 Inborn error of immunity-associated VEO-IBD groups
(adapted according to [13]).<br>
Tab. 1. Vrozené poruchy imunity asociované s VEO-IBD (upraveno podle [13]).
::::::::
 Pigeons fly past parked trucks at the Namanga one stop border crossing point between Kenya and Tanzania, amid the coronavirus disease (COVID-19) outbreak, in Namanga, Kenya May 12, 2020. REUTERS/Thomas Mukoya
::::::::
The reply should hold only the lines of the listing above starting at the line containing "Inborn error of" and ending at the line containing "Tab. 1. Vrozené", exactly as written.

◆ The completed task ◆
 Inborn error of immunity-associated VEO-IBD groups
(adapted according to [13]).<br>
Tab. 1. Vrozené poruchy imunity asociované s VEO-IBD (upraveno podle [13]).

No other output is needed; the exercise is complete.